I’ve had this blog migrated so many times in the past. I had it running in Jekyll and GitHub pages when I first started blogging. Then I switched to self hosting with Ghost blog engine. I switched out of Ghost in favour of Gatsby while I was doing more ReactJS development. Hosted the blog on Netlify with its free tier. I then switched back to Ghost and self hosting it on Kubernetes.

I even considered using the Hey World blogging platform for a while. But, that was way too simple for me. It has got potentials and I will wait and see if it grows into something more that meets my needs in the future.

And now, I am back to how it all began, running the site using Jekyll and hosting it back on GitHub pages.

Taking a break from Ghost

I was not using the full set of features offered by Ghost. I didn’t need mostly all of them. I don’t have subscriber, I don’t need to send out emails to anyone. And I don’t plan to use the blog as a revenue stream.

I enjoyed the default theme, I loved its integration with cloudflare for image uploads. I am planning to continue using Cloudflare to serve the images for my blog after migrating to Jekyll.

Running a kubernetes cluster for my blog and couple of side projects is turned out to be expensive. I would like to have the oppertunity to turn the Kubernetes Cluster off without bringing down my blog.

Why Jekyll?

I think the main reason for migrating to Jekyll blog engine is because of its simplicity. I already have tools needed for running jekyll on my workstation. I am becoming more familiar with the ecosystem nowadays.

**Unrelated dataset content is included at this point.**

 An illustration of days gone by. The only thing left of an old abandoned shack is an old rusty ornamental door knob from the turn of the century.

I like the concept of simply serving HTML. That’s all I need from a Blog. There is no need for server rendering, no need for lots of JavaScript to be executing in my reader’s Browser.

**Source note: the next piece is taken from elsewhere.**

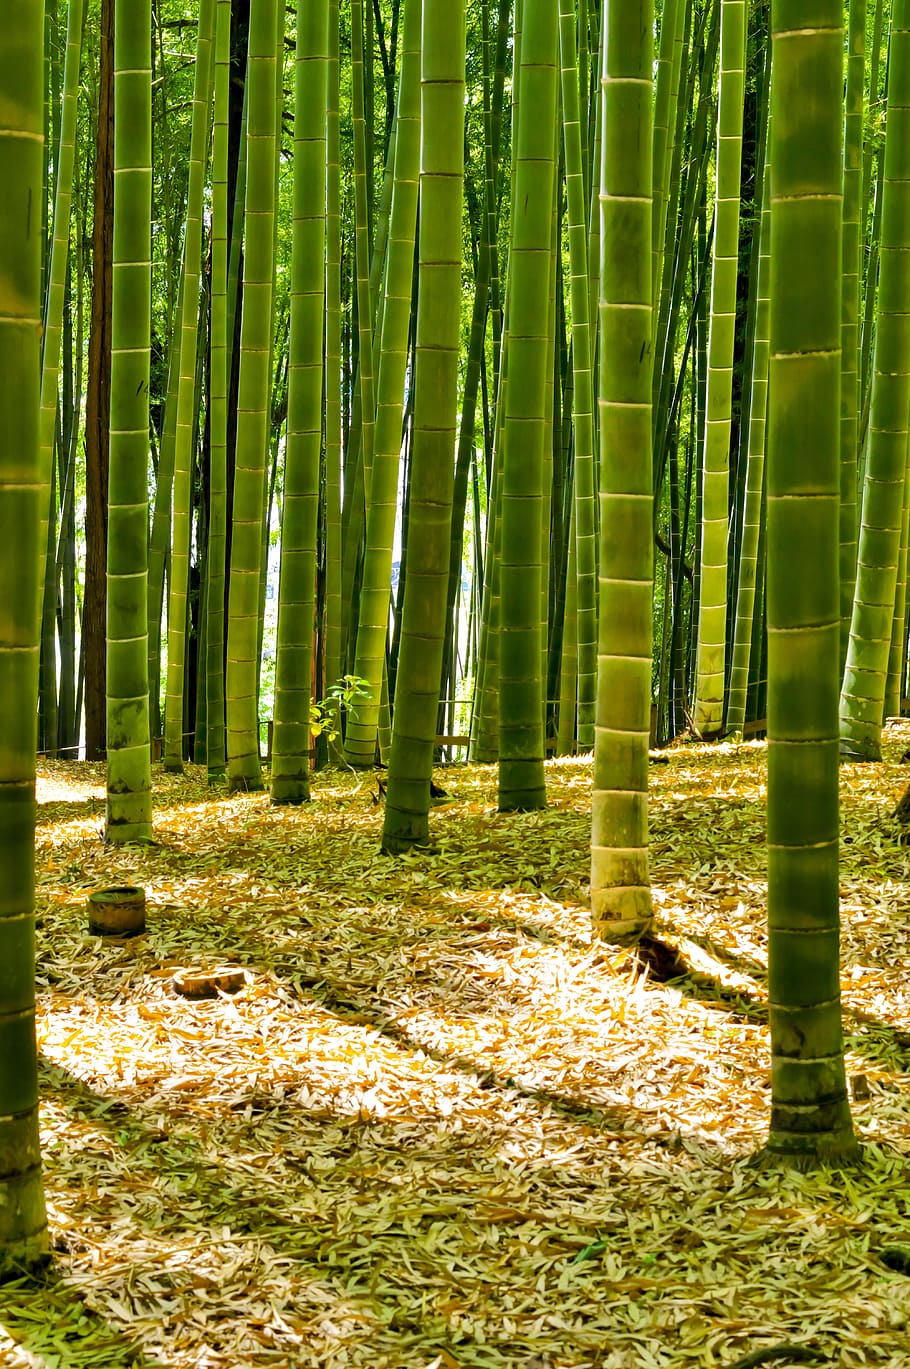 green bamboo trees, Japan, Forest, bamboo forest, natural, landscape

I like the freedom of writing in Markdown, saving it to GIT and having a bit more control over the customizations. I will have to make the site look more appealing, some UI improvements, including taking care of my mobile readers. I am losing some nice functionalities with this migration. There is not alot that comes with the minima theme. So, will be taking some time to polish the look and feel of the site.

Approach

In order to migrate the posts from ghost, I used the jekyll_ghost_importer gem pointing to the .json file that I exported from Ghost admin UI.

URLs

The gem however, did not migrate over the urls correctly for me. I ended up with jekyll’s default post format yyyy-mm-dd-title urls. Therefore, I had to manually set the permalink front matter attribute. This wasn’t so bad as I only had around 34 blog posts.

Also, posts with links to other posts ended up with __GHOST_URL__ prefix. e.g. [Part 2 - Setting up Kibana Service](__GHOST_URL__/setting-up-elasticsearch-cluster-on-kubernetes-part-2-kibana/). Therefore, make sure to find and replace these ones manually to use post_url liquid tags. e.g. [Part 2 - Setting up Kibana Service]({% post_url 2018-02-13-setting-up-elasticsearch-cluster-on-kubernetes-part-2-kibana %}).

Code blocks

I also had to also add the correct highlight language tag for my code blocks in existing posts.


{% highlight csharp %}
public int Add(int a, int b) => a + b;
{% endhighlight %}

I later found out that jekyll can also make use of GitHub Fenced Code Blocks syntax as well.

``` javascript
const add = (a, b) => a + b;
```

Images

jekyll_ghost_importer also imports the images as html tags, and with fixed width and height which looks streched out in Jekyll with minima theme. I had to convert each one to the markdown format of ![alt](url) "title" format.

Conclusion

Who knows, I might decide to move away from Jekyll in some time in the future. But for now, I enjoy the simplicity of just writing and pushing the content to the world.

I have blogged quite a lot already on migrating from one platform to another. I have to stop migrating the blog and stick to a platform for a substantial amount of time. And I am hopefull that this might be it.